Ask HN: Why have a "Terms and Conditions" on your site? - zepolen
What sort of legal protection can such a document offer?
Apart from the fact that it is very difficult to prove that a person actually agreed to a TOS when signing up, the TOS itself can't be proven to be the one agreed to.<p>The internet is transient, and there is currently no way to have a 3rd party "endorse" that a /specific/ agreement occured between two parties like with normal paper contracts, what is the point of offering a TOS on your site in the first place?<p>I can think of a myriad of possibilities where both the site and the user can exploit these issues. Like for example a website sending spam despite claiming in their TOS that they wouldn't.
======
gojomo
IANAL, but I think the most important aspect is to give you cover for the
kinds of self-protective measures you might need to take -- like
disabling/blocking certain users or IPs, deleting certain user content, etc.

In the absence of any TOS, a litigious disgruntled user might portray your
actions as unfair according to some implied standards of continued service,
etc.

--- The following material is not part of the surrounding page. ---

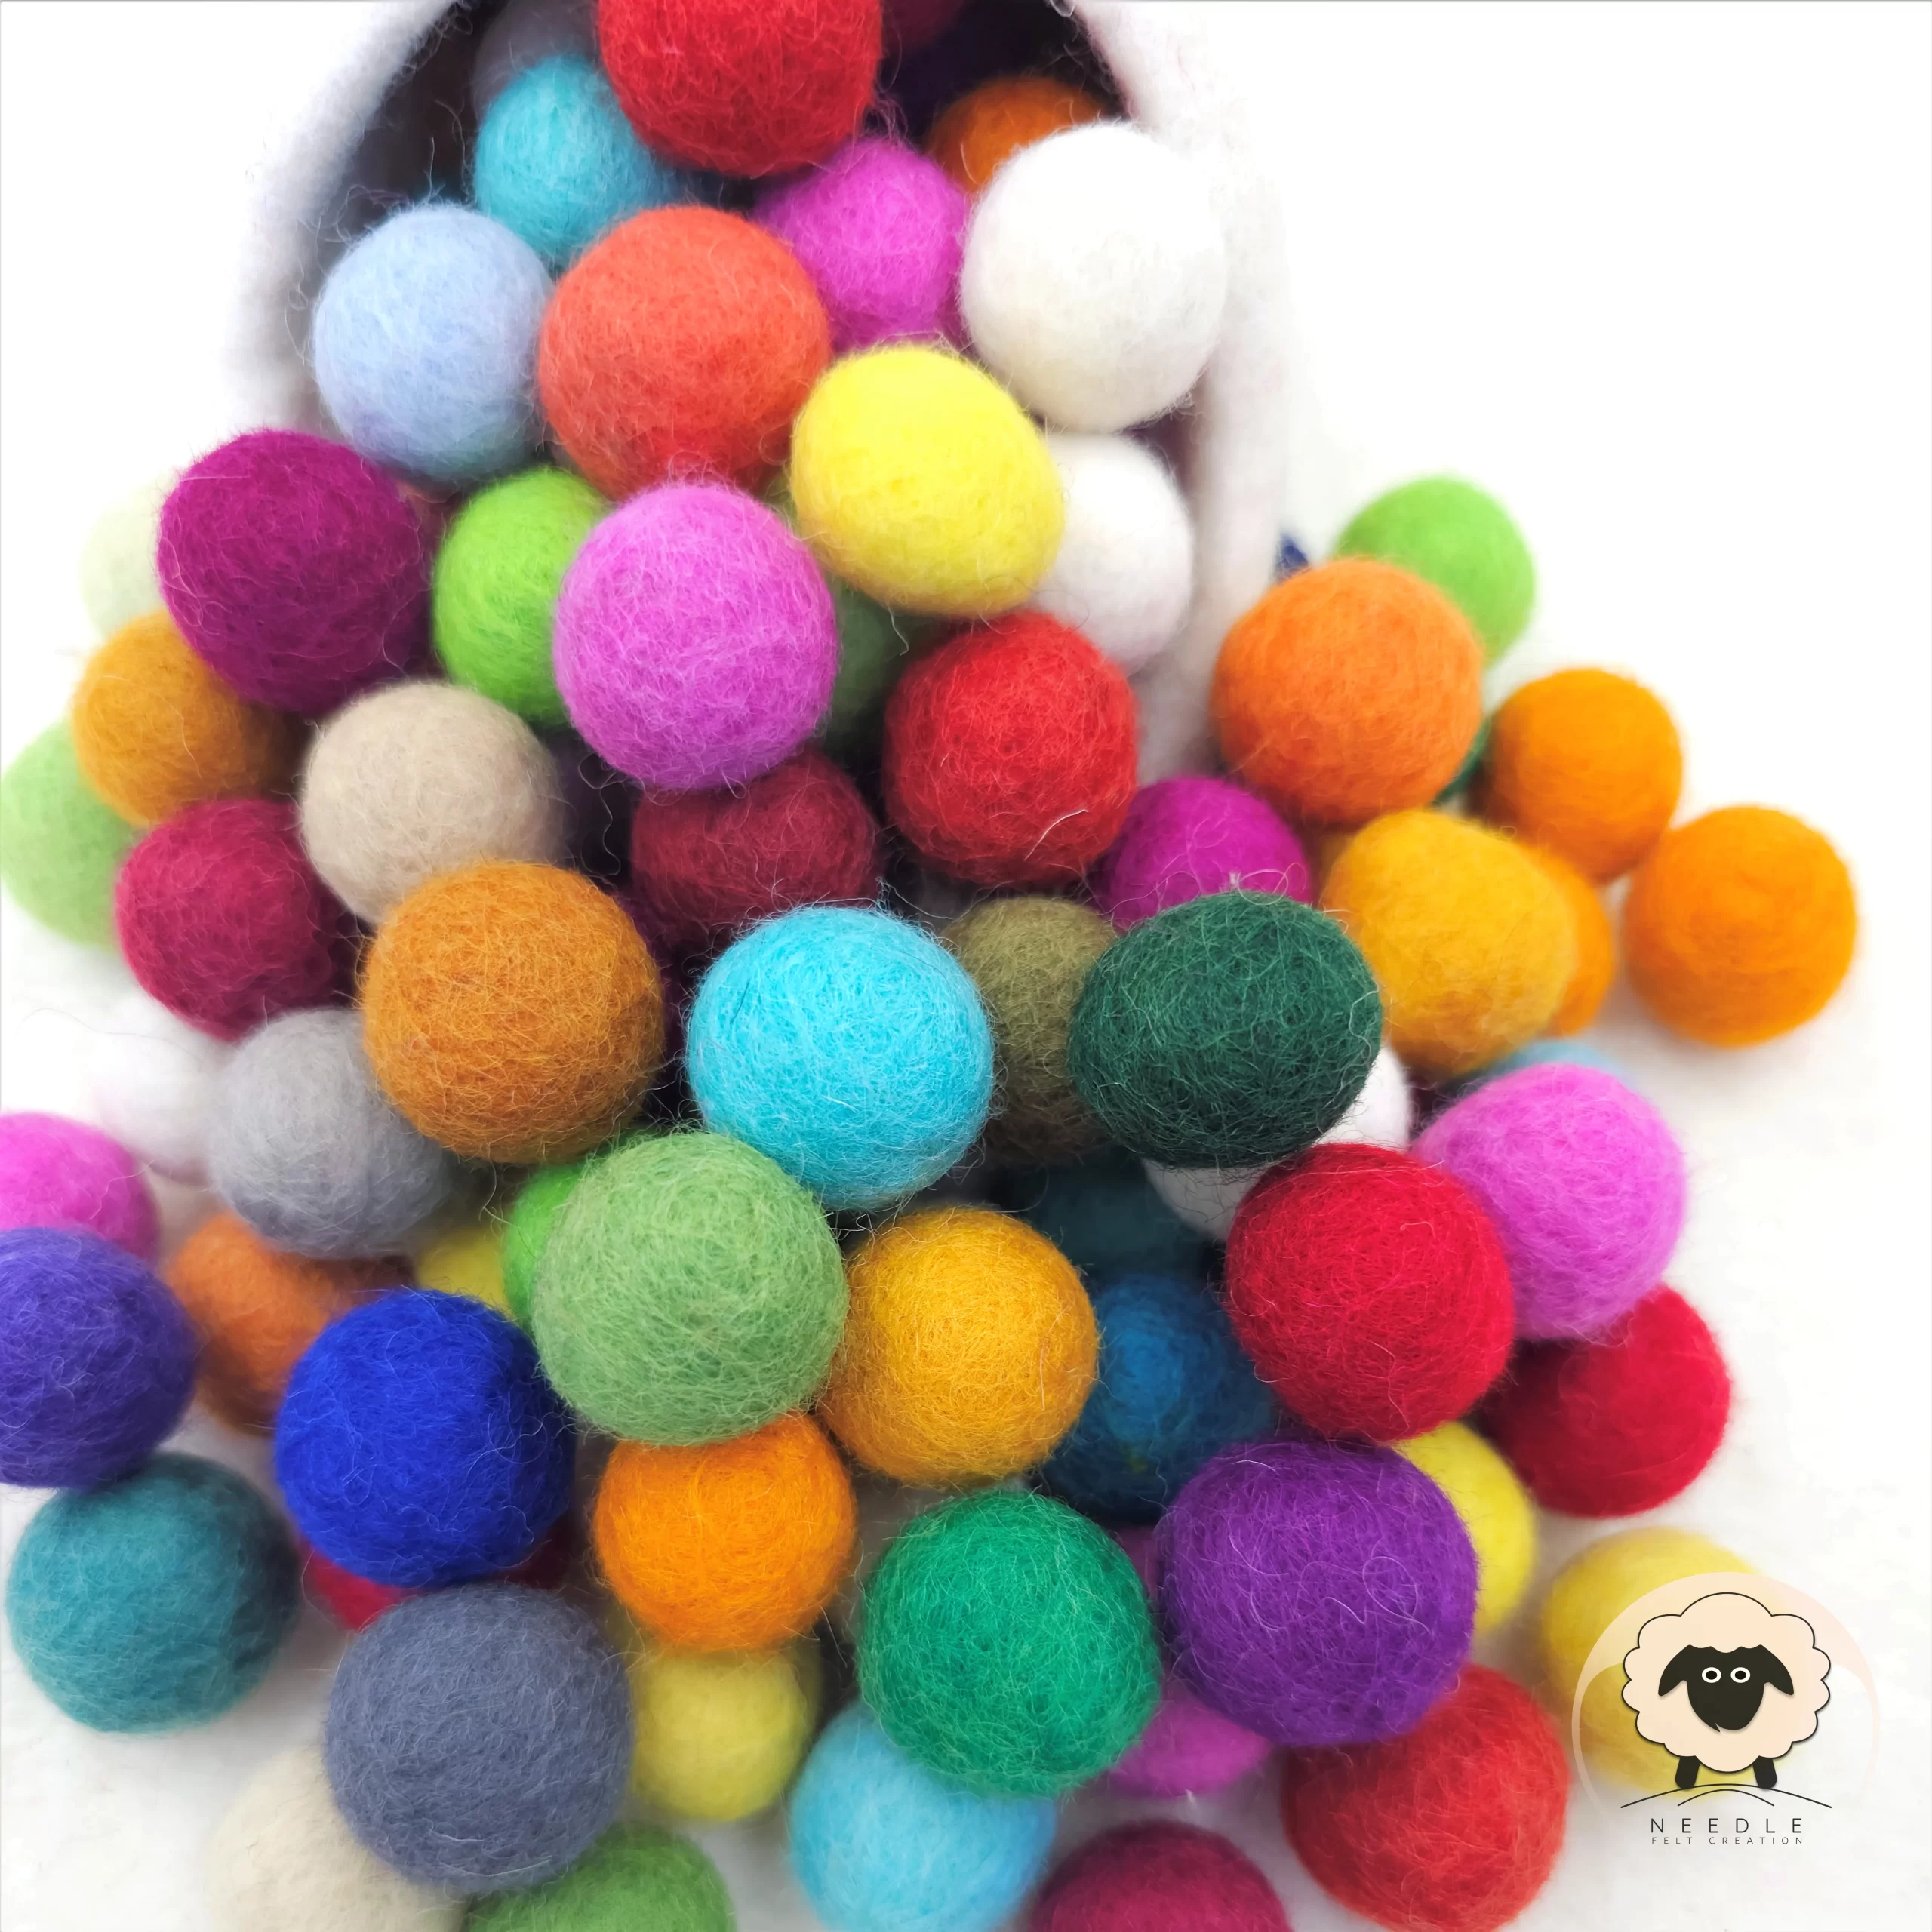 2cm Wholesale Felt Balls [100 Colors] - Felt & Yarn

By making your scope of actions explicit before the fact, their argument
becomes weaker.

That is: you're unlikely to be able to hold a TOS violation against a user for
any damages, but it will provide cover for your own self-defense actions.

------
dkokelley
The TOS isn't meant to protect the users. It's the user's job to protect the
users. The TOS is to protect the site.

Say someone uses your site which provides a free service. For whatever reason,
the service is disabled for a day. Now let's say a user decides that they were
harmed by the service being down and decide to sue. It's a good thing you have
a TOS that states "The services offered through this site are provided as-is
and without warranty. We may discontinue service or cancel accounts at any
time with or without reason."

I understand that there is a potential for fraud from the site, such as when
the site decides to add a line after being sued that retroactively protects
them, but the burden of proof is on the accuser and there are ways of checking
revisions to a site (checking Google's cache or recent edit logs could help to
find the truth).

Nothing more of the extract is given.